Across the Atlantic, bartenders are experimenting with Salers version of the liqueur, the oldest of the remaining producers and the only one imported to the United States that doesn’t use artificial coloring. "If you taste it on its own, you get that floral hit and a lot of earth," says Eric Seed. “In France, gentian is served over ice, with a splash of lemon juice. Just adding a piece of lemon brings out another dimension. On its own, it's very angular but no one drinks it neat."
Chad Solomon, who currently has several Alpine-influenced drinks on the Midnight Rambler menu, uses gentian in a delicate champagne cocktail. "I was approaching the build of a cocktail as a perfumer—base note, middle note, top note—and translating that to root, leaf, flower, and fruit," he says of his Bohemian Bloom. "Overall the drink elements are very well integrated but the gentian adds an astringent note." That bitterness can be crucial to tempering the perception of sweetness and providing structure on the palate.
Few things will bring Alpine forests to life like a liqueur made directly from the flowers of the Arolla stone pine tree. Such is the evocative nature of Austria’s Zirbenz, which has been handcrafted and bottled by the family distillery Josef Hofer since 1979. The wild pine is grown and harvested at high elevations, then mixed with nothing but sugar and water, resulting in a bracing pine taste and a spectrum of woodsy flavor notes. Think Christmas tree.
"Zirbenz is definitely a little bit unusual," Will Thompson, beverage director at Boston's Ruka, Lolita and Yvonne's, says. "It's not quite a base spirit. It's not a cordial, it's somewhere in between." Thompsons says he believes the bottle has a place in the back bar, and enjoys drinking with soda.
The unmistakable pine scent and flavors can be overwhelming at first, but can also bring to life a specific time and place. "It's a really, really powerful thing when you have an ingredient that evokes nostalgia," he adds.

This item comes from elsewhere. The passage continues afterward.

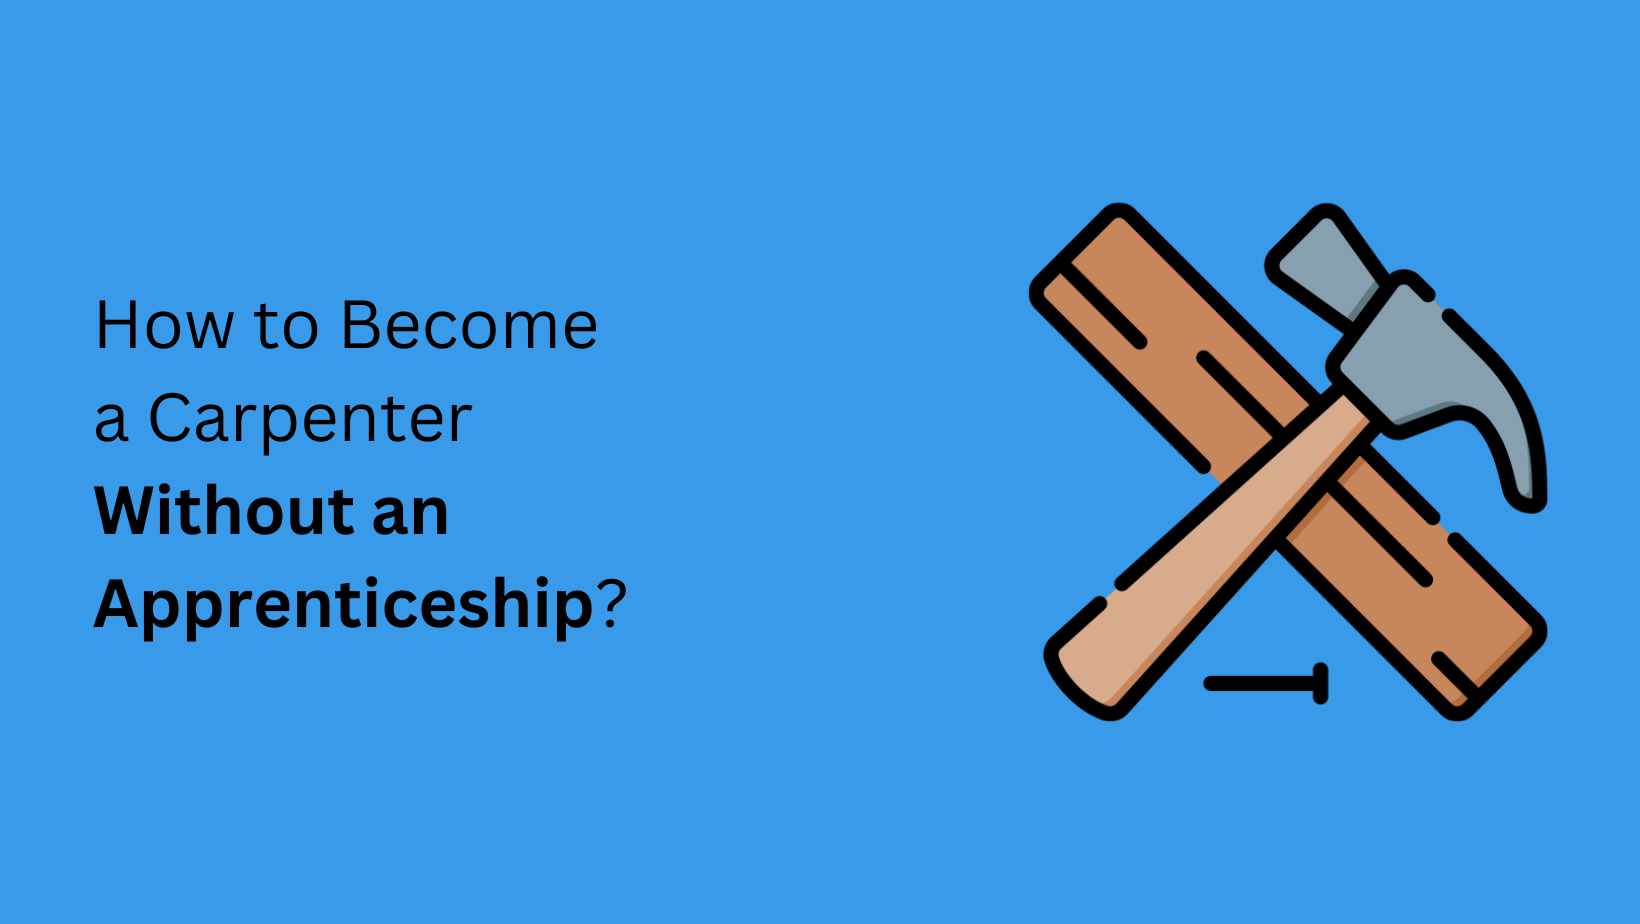 How to Become a Carpenter Without an Apprenticeship
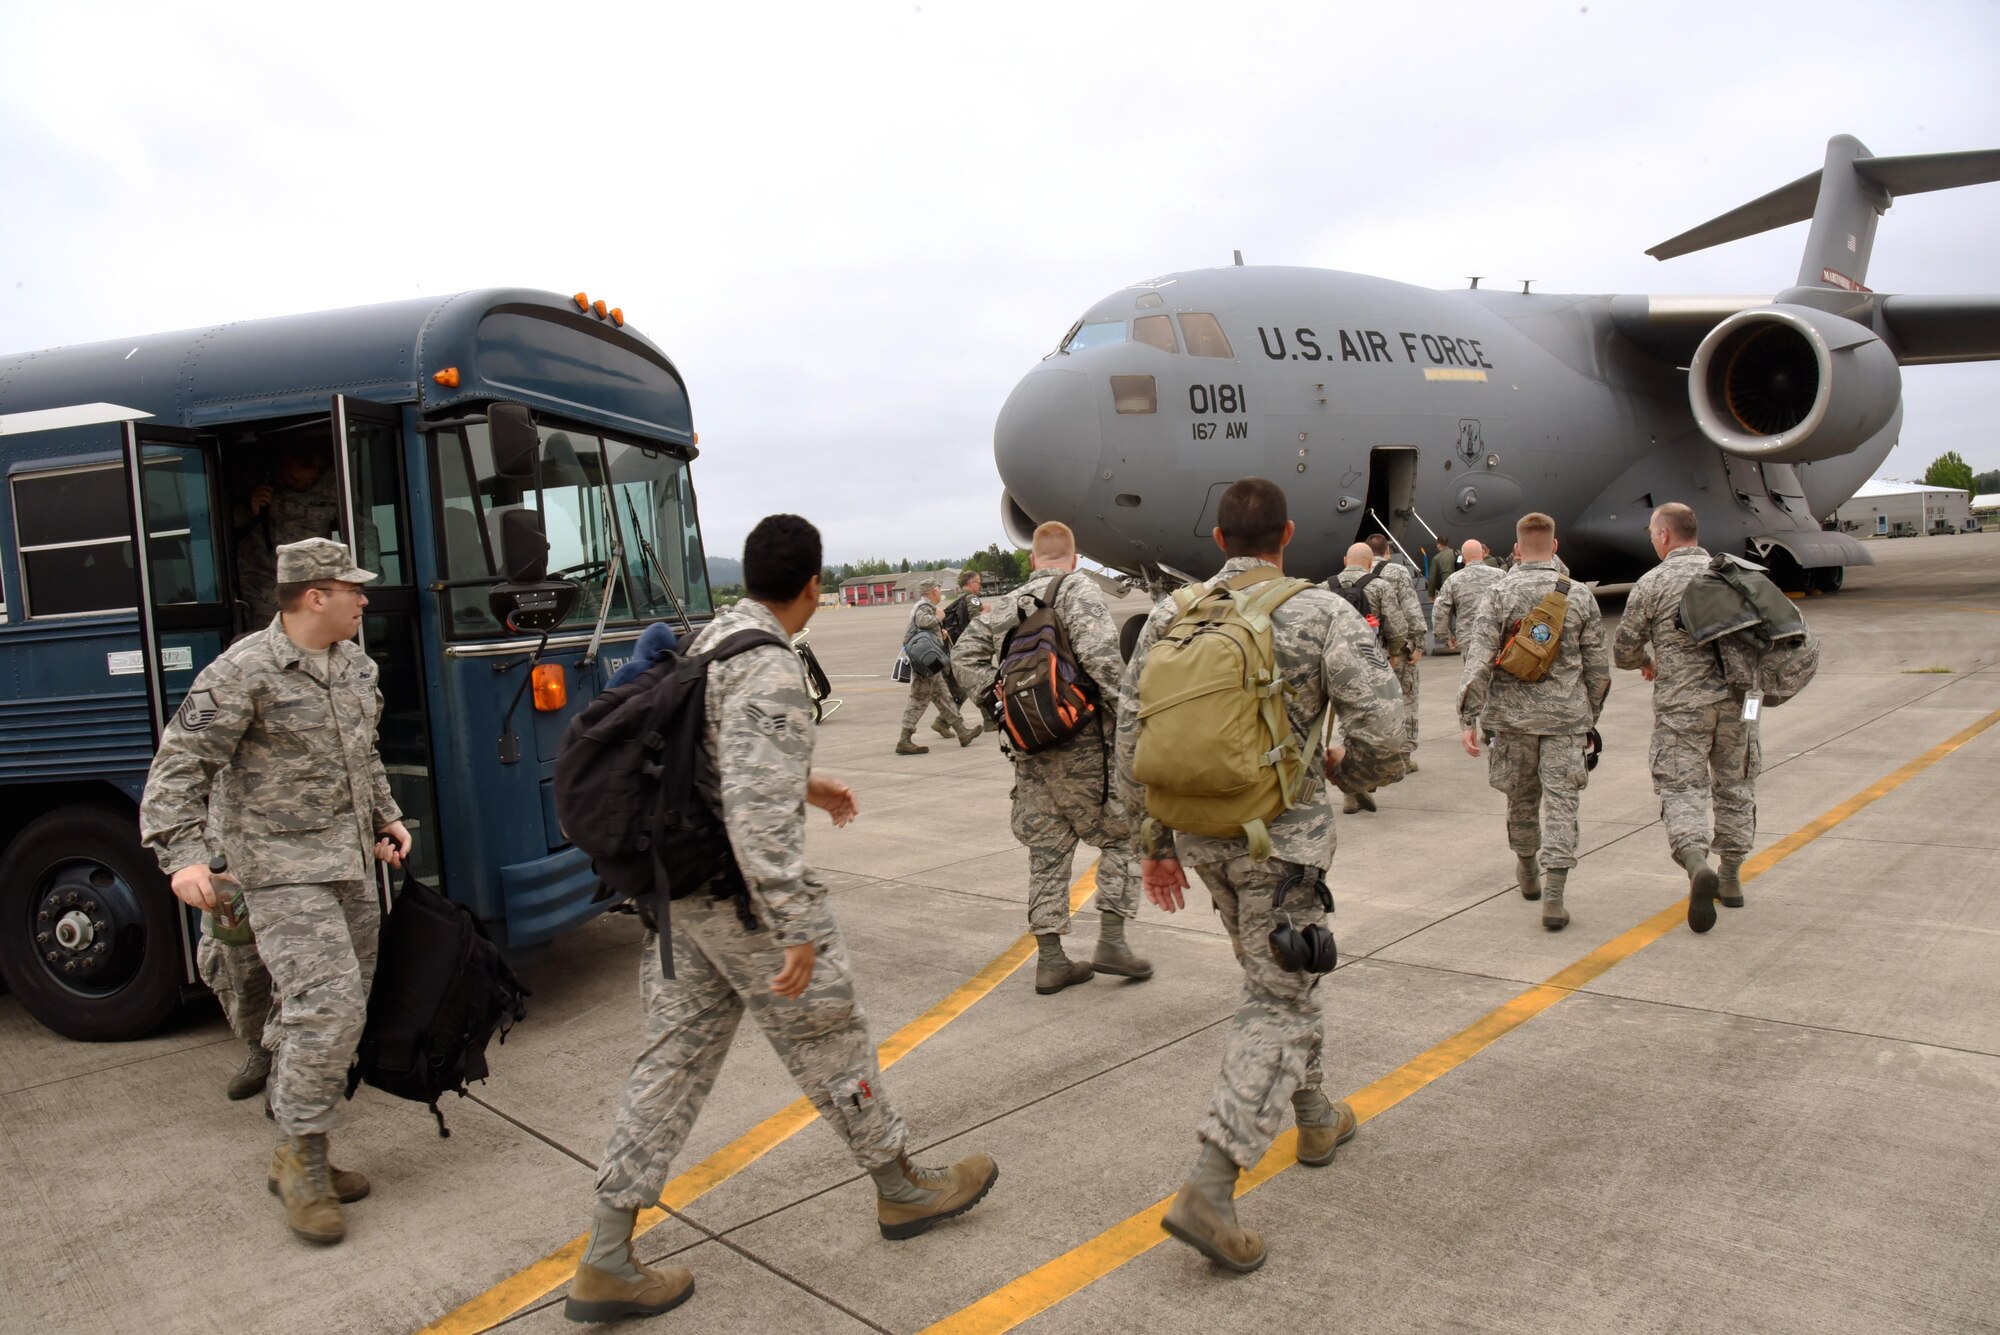 Airmen from the 142nd Fighter Wing depart busses and begin to load a waiting C-17 Globemaster III at the Portland Air National Guard Base, Ore., that will transport them to Nellis Air Force Base, Nev., and support the Weapons Instructor Course, May 29, 2017 (U.S. Air National Guard photo by Master Sgt. John Hughel, 142nd Fighter Wing Public Affairs).

To be clear, Elisir Novasalus and Sfumato Rabarbaro taste nothing alike. The only things they have in common is that they are both amari and are both made by the Cappelletti family. But we're going to close out our Alpine primer with these weird-but-interesting selections.
First up: Novasalus. At Manhattan's Amor & Amargo, an intimate bar that prides itself on its range of bitter liquids, Novasalus is the bitterest potion in the collection, according to Amor & Amargo beverage director Sother Teague. Like Zirbenz, it's made from pine but instead is sweetened with pine sap. "Sweetened" is perhaps not the best word, since pine sap, unlike maple, is not particularly sweet. The resulting liquid is famously bitter.
"It's got some peppery notes, some citrus notes, and of course those pine notes," Teague says. "You can feel it on your lips. It's sticky and lip-smacking. That's from the pine note that comes on the back behind those flavor notes, and then it is lingeringly bitter. It stays with you." As powerful as it is, Teague only uses Novasalus sparingly, noting that even a quarter of an ounce will alter a drink dramatically.
Next up, the Sfumato. If Zirbenz is bottled Christmas, then Sfumato is a liquid campfire. The amaro is made from Chinese rhubarb, which naturally smells and tastes smoky. This particular expression amps up the smoke, resulting in textures analogous to peat in whiskies or the dusky notes of mezcal.
"People always want rhubarb to taste like pie," Teague says. "But grab a piece of rhubarb out of the earth and take a bite out of it. It does not taste like pie. It's got this tartish back note and this one booms with smoke.”
Teague makes a Manhattan-style drink with mezcal, Sfumato, gentian and Byrrh, a fortified quinine wine. Finished with yuzu bitters, the resulting drink features "grassy smoky notes, sweet citrus, and bits of pine."